--- Exercise ---
Restate the data word for word. Leave the pictures out.

--- Dataset content ---
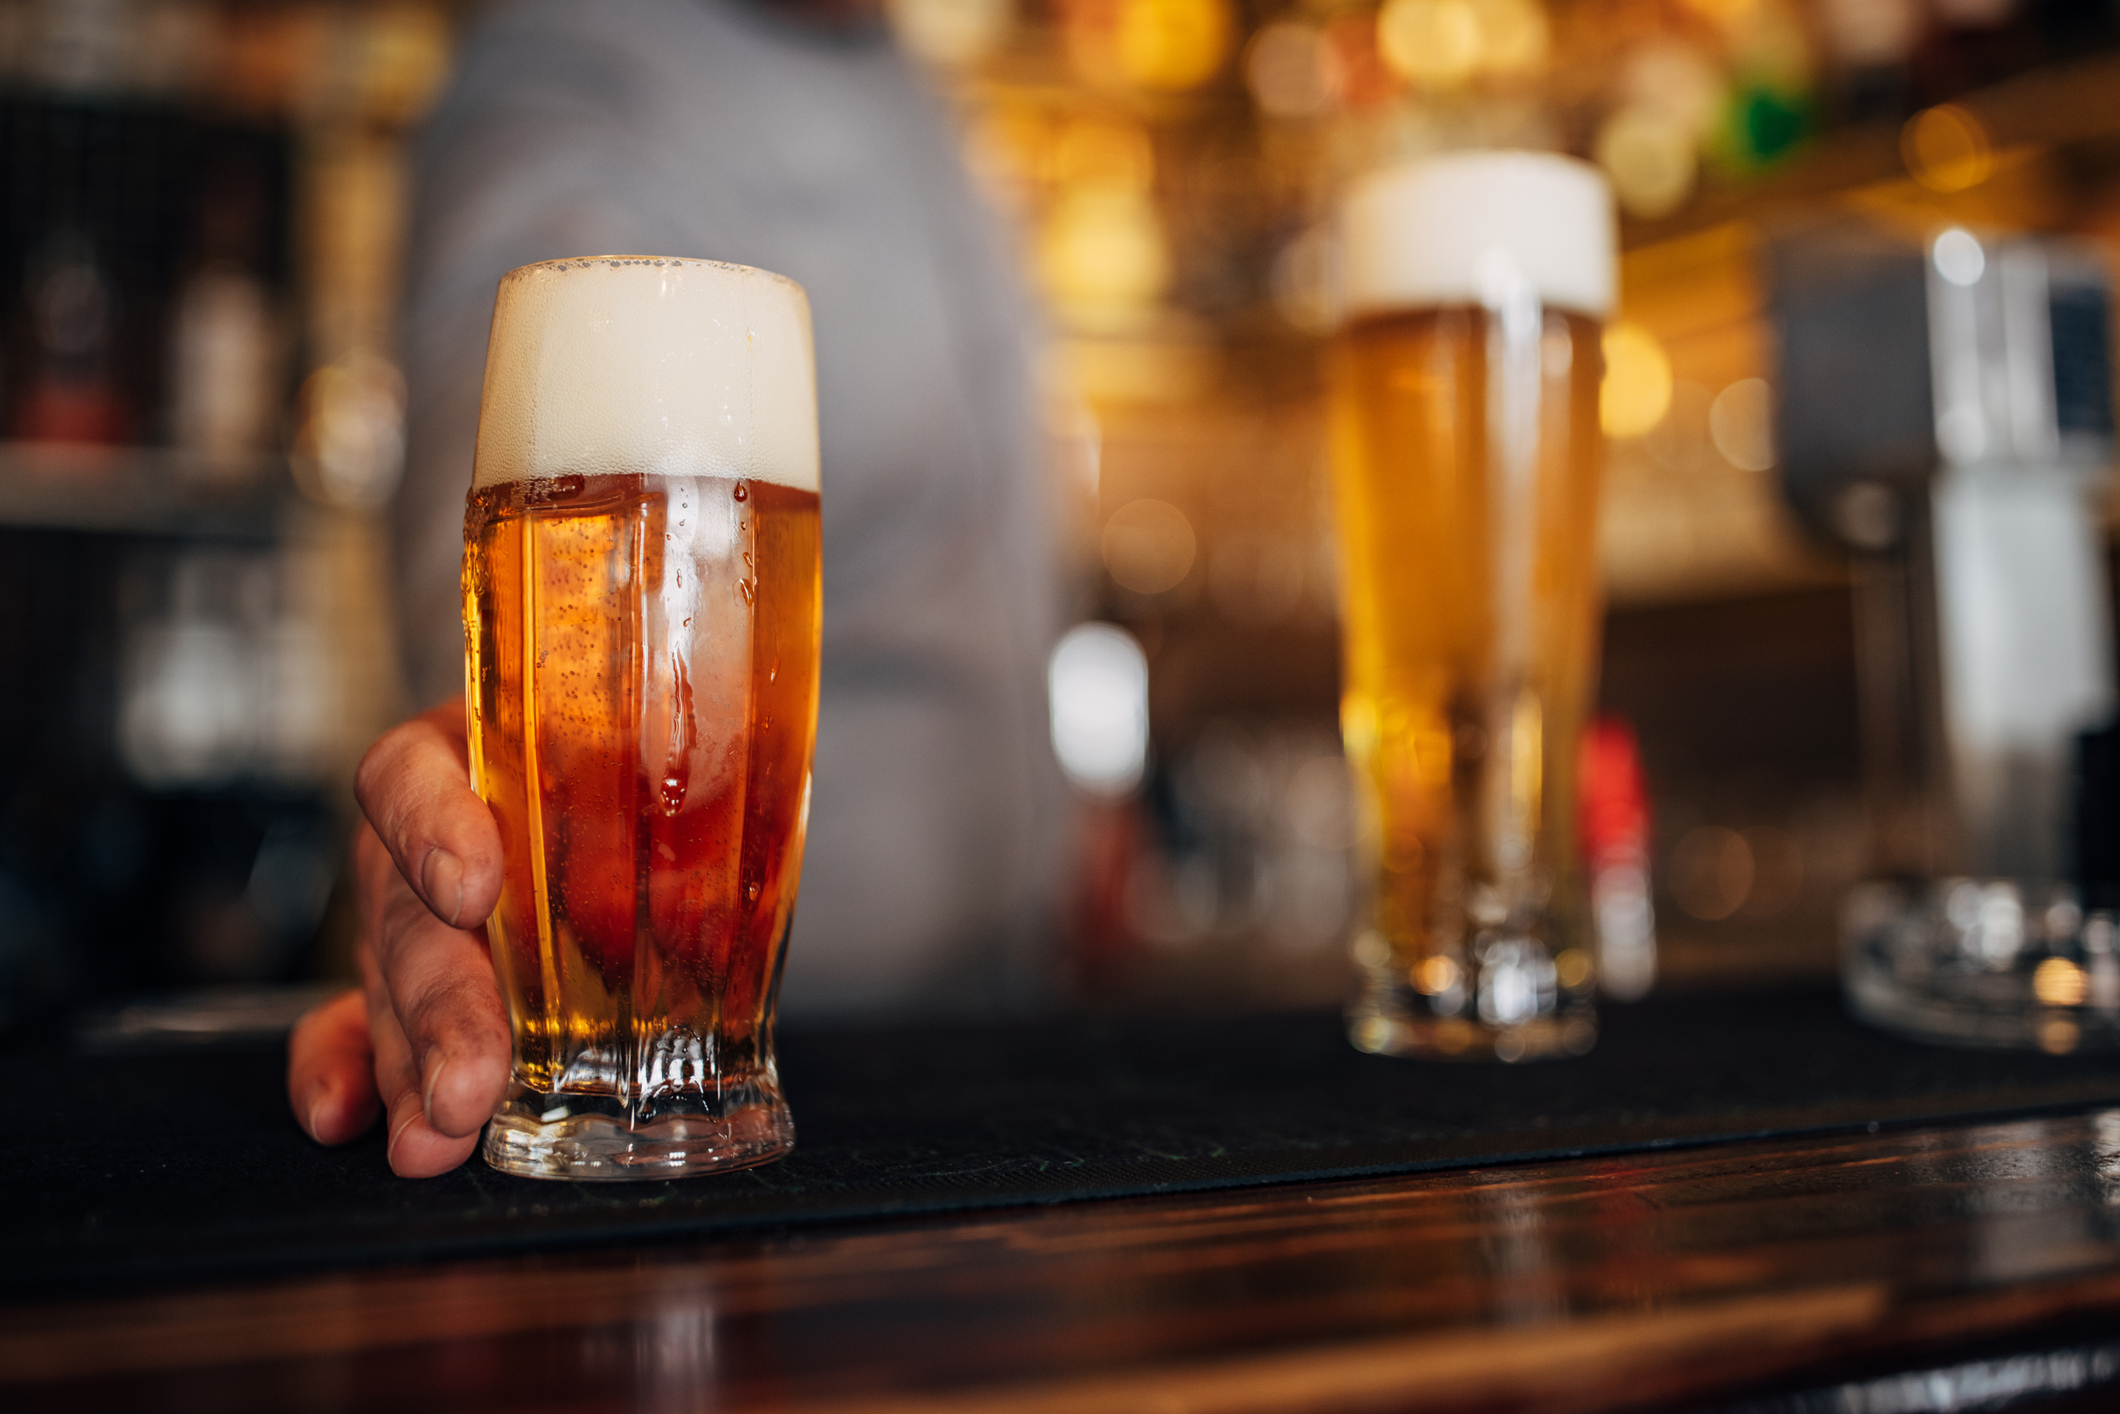 Ανησυχία στο Βέλγιο για έλλειψη μπύρας λόγω καιρικών συνθηκών
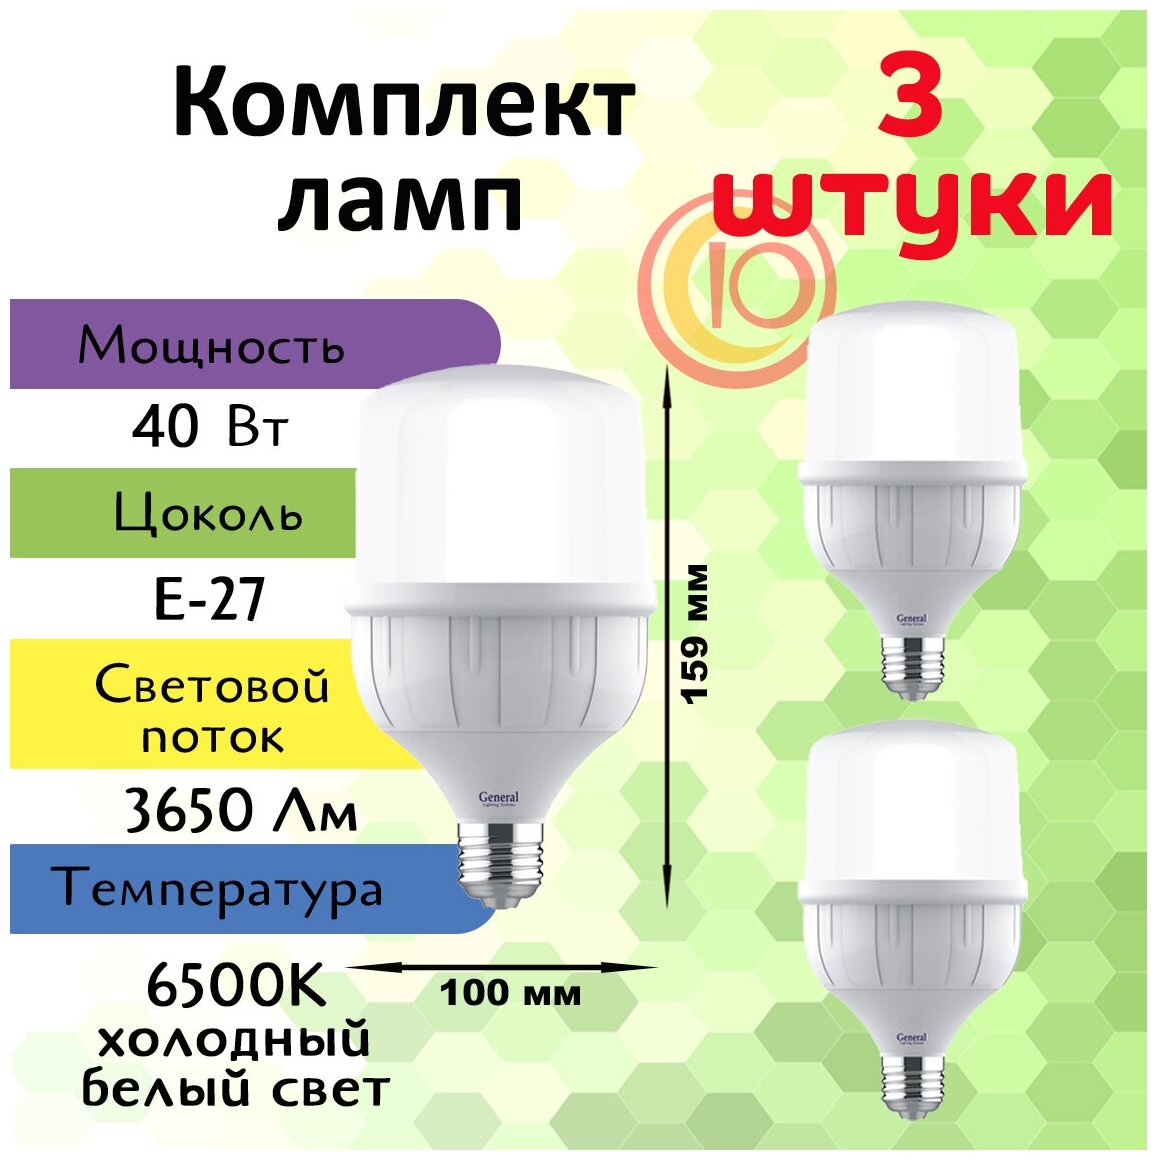 General, Лампа светодиодная, Комплект из 3 шт., 40 Вт, Цоколь E27, 6500К, Форма лампы Бочонок
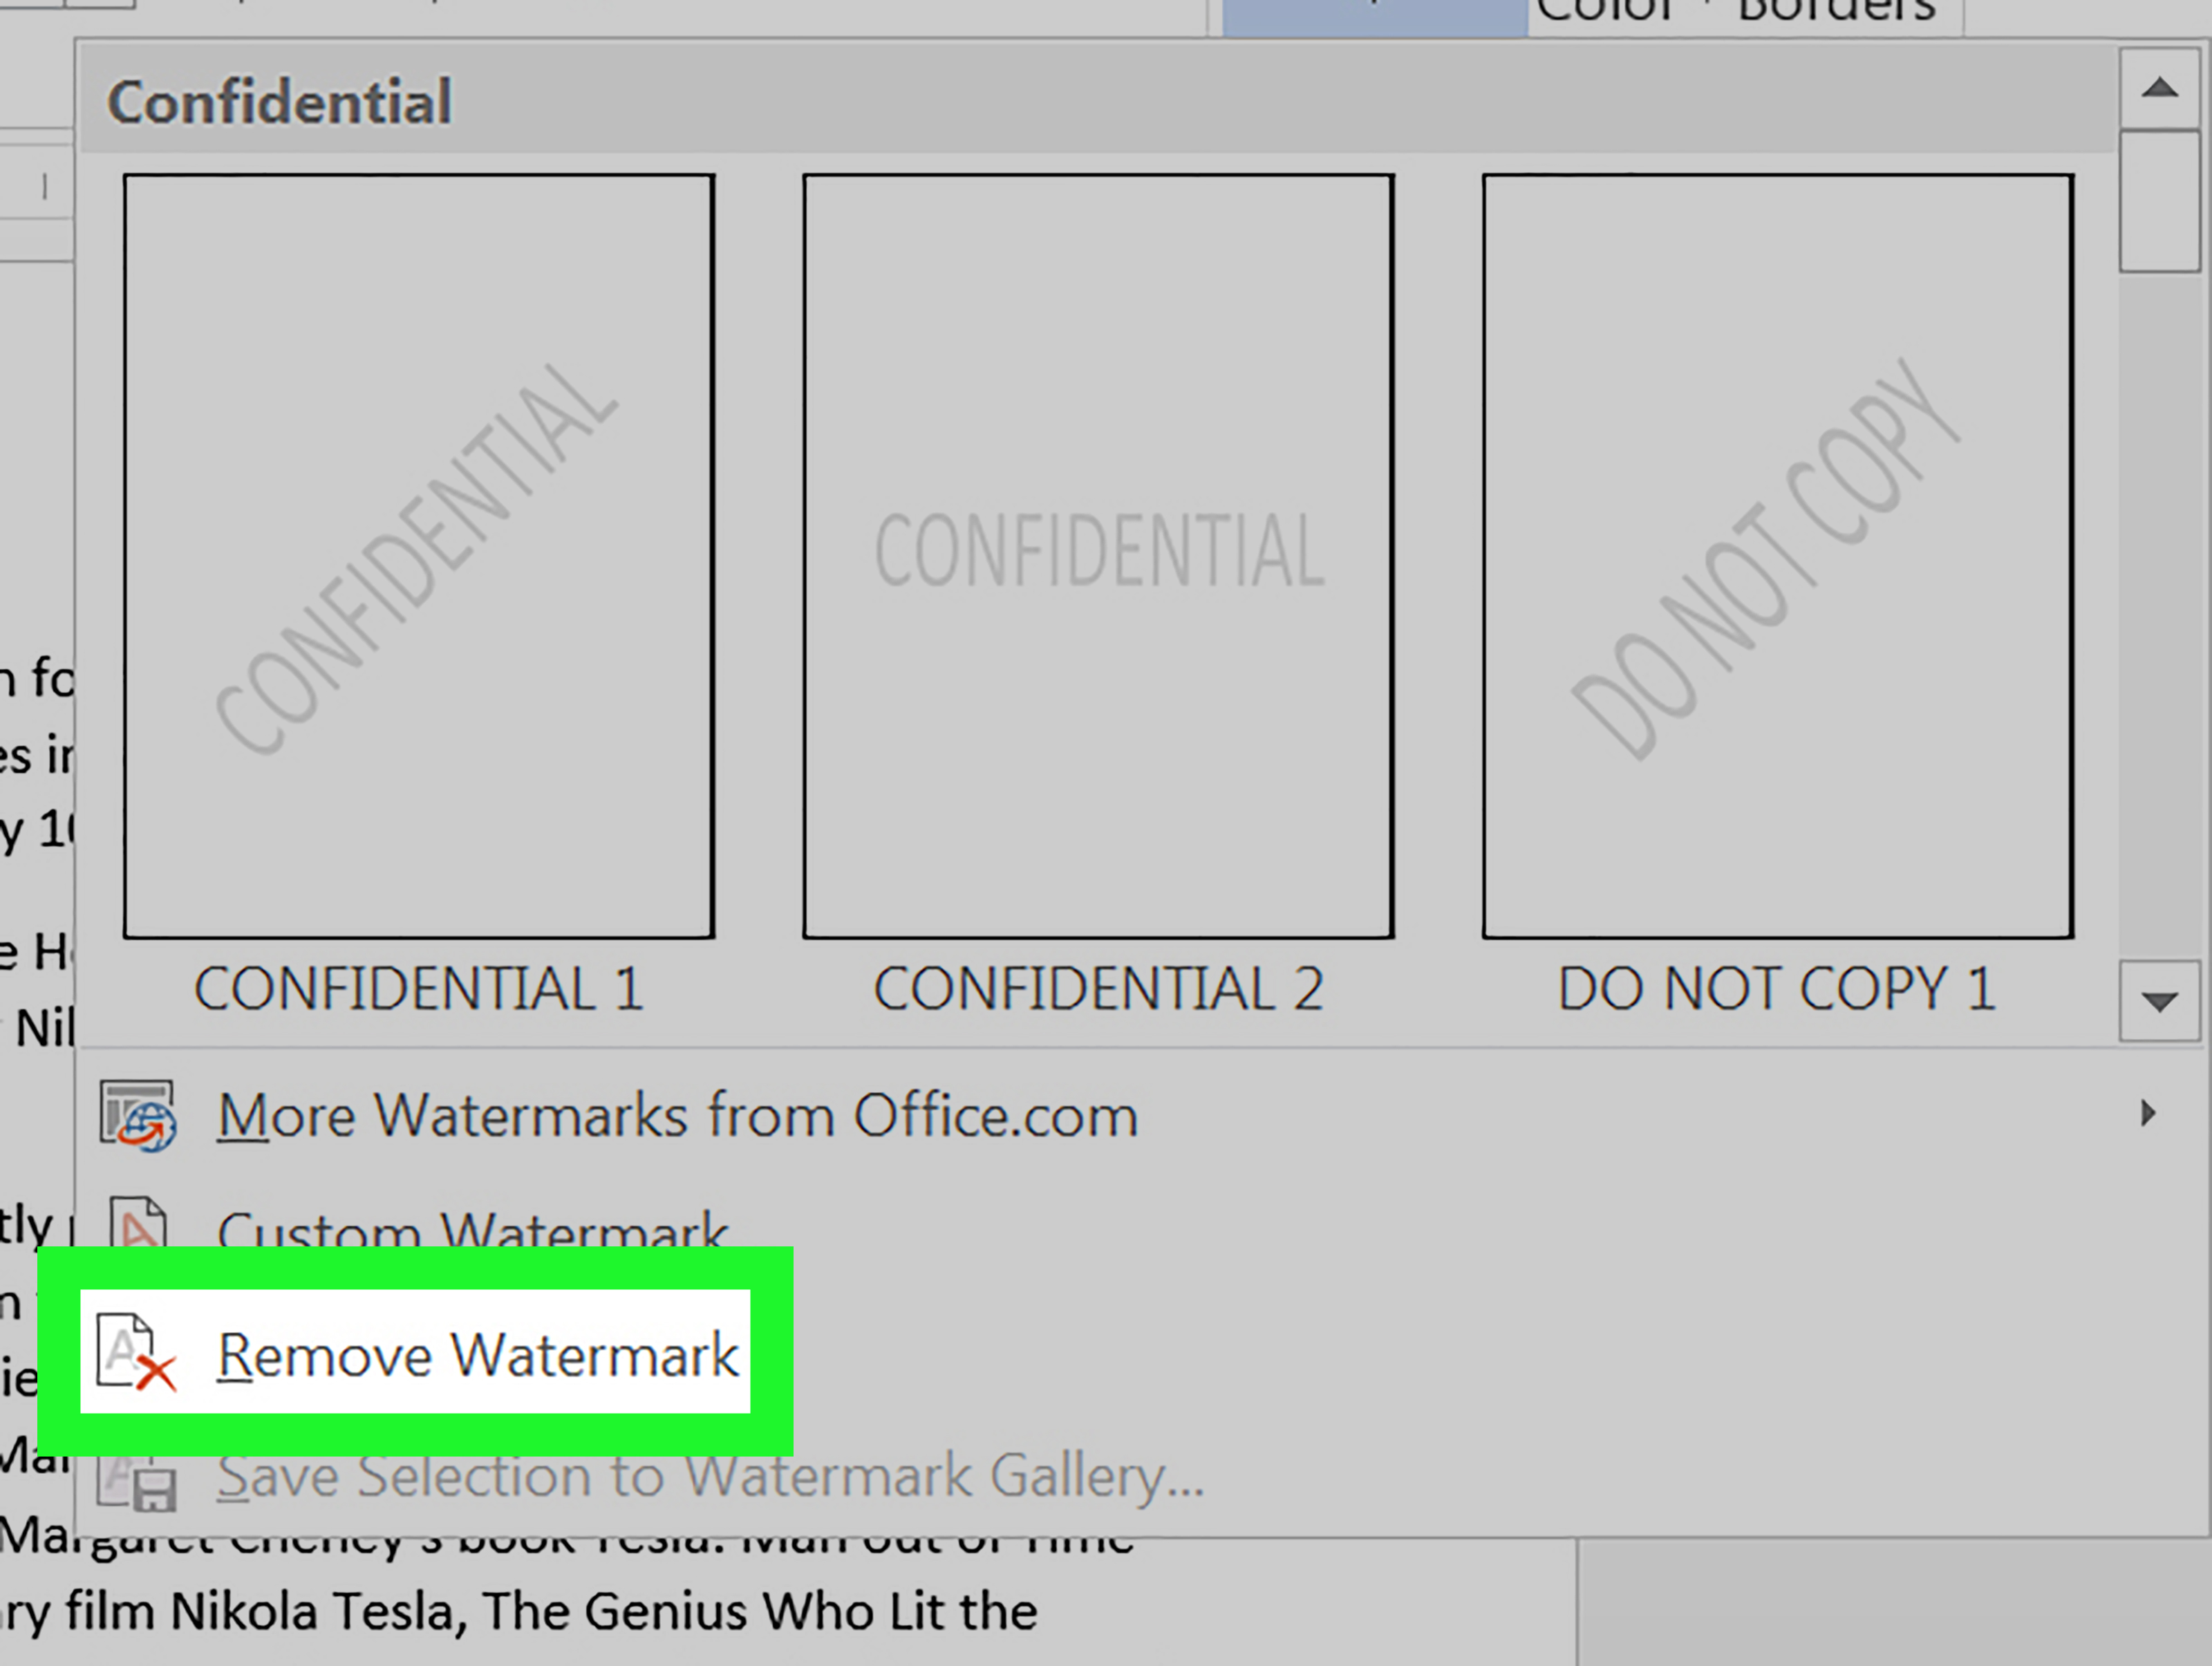 در تب Design روی Watermark کنید سپس از لیست آن گزینه Remove Watermark را انتخاب کنید تا واترمارک حذف شود.

--- Output for this exercise ---
 Ανησυχία στο Βέλγιο για έλλειψη μπύρας λόγω καιρικών συνθηκών
 General, Лампа светодиодная, Комплект из 3 шт., 40 Вт, Цоколь E27, 6500К, Форма лампы Бочонок
 در تب Design روی Watermark کنید سپس از لیست آن گزینه Remove Watermark را انتخاب کنید تا واترمارک حذف شود.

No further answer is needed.